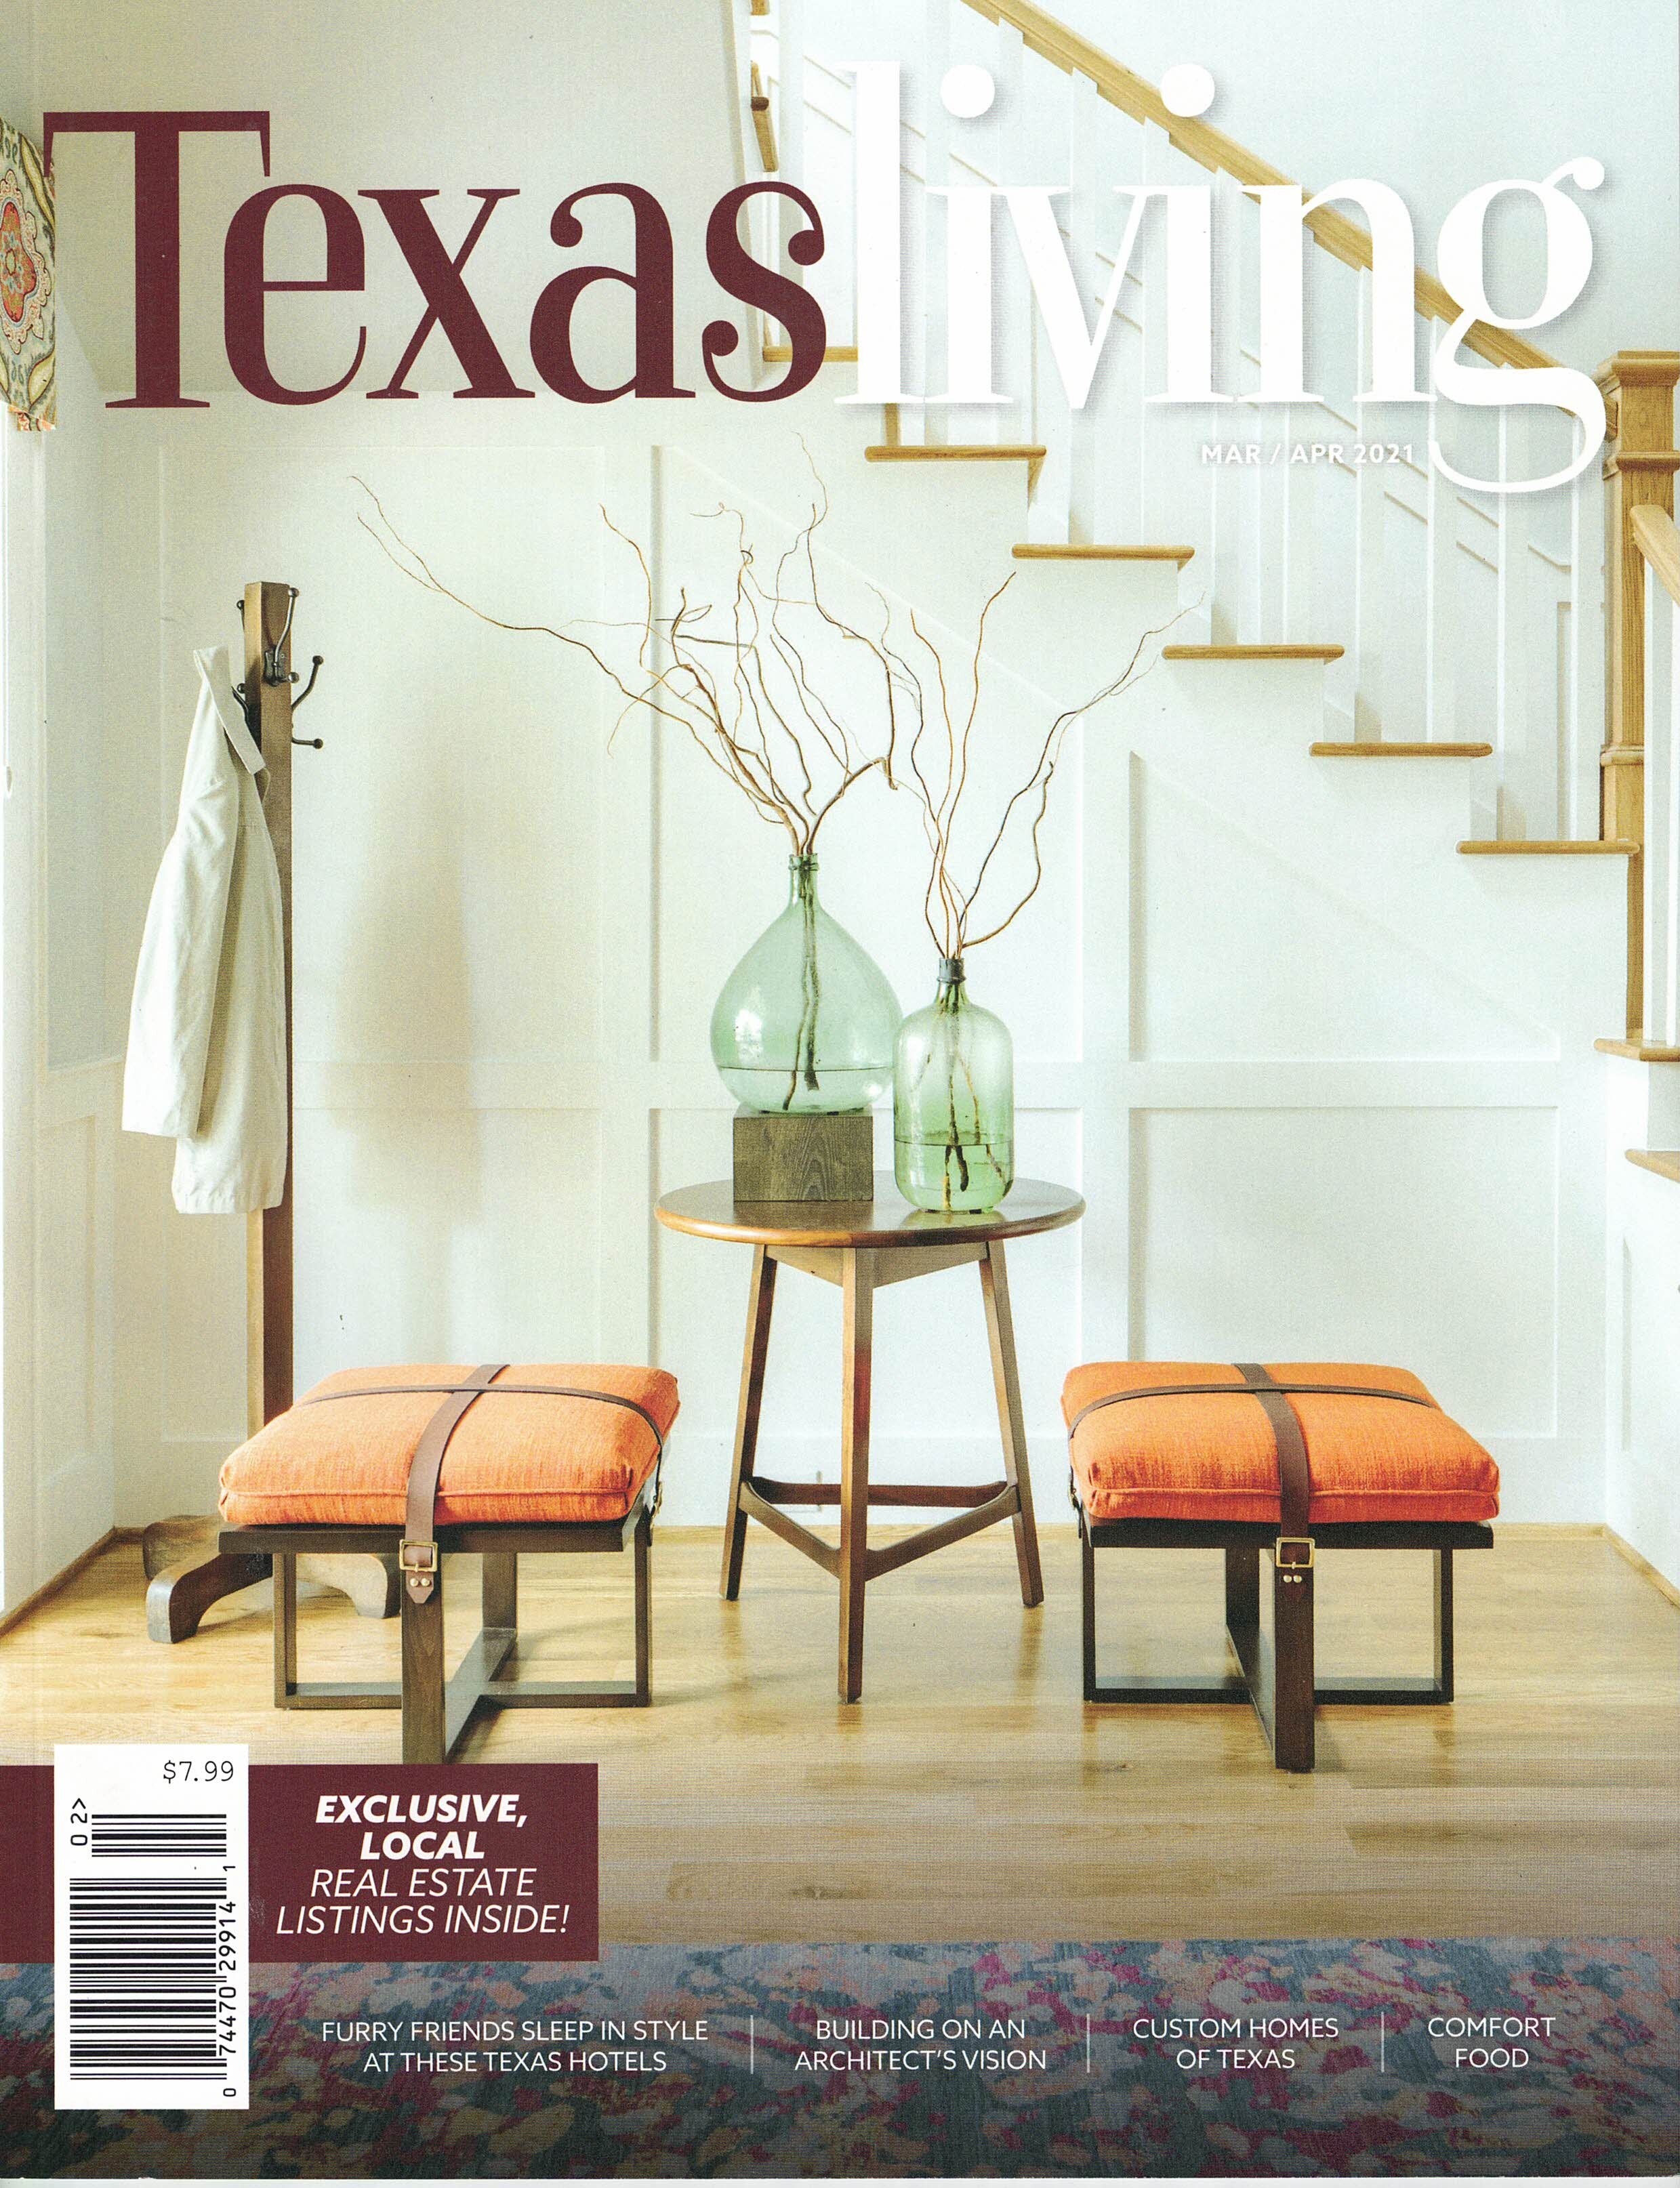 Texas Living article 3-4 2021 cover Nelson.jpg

★ ★ ★

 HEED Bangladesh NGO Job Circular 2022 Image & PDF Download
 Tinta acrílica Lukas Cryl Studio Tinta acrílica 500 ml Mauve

★ ★ ★

*WHAT IS BEING ASKED:* Copy word for word the stretch of entries above from the line that has "HEED Bangladesh NGO" through the line that has "Tinta acrílica Lukas", both ends included, and nothing outside it.

*EXPECTED ANSWER:*
 HEED Bangladesh NGO Job Circular 2022 Image & PDF Download
 Tinta acrílica Lukas Cryl Studio Tinta acrílica 500 ml Mauve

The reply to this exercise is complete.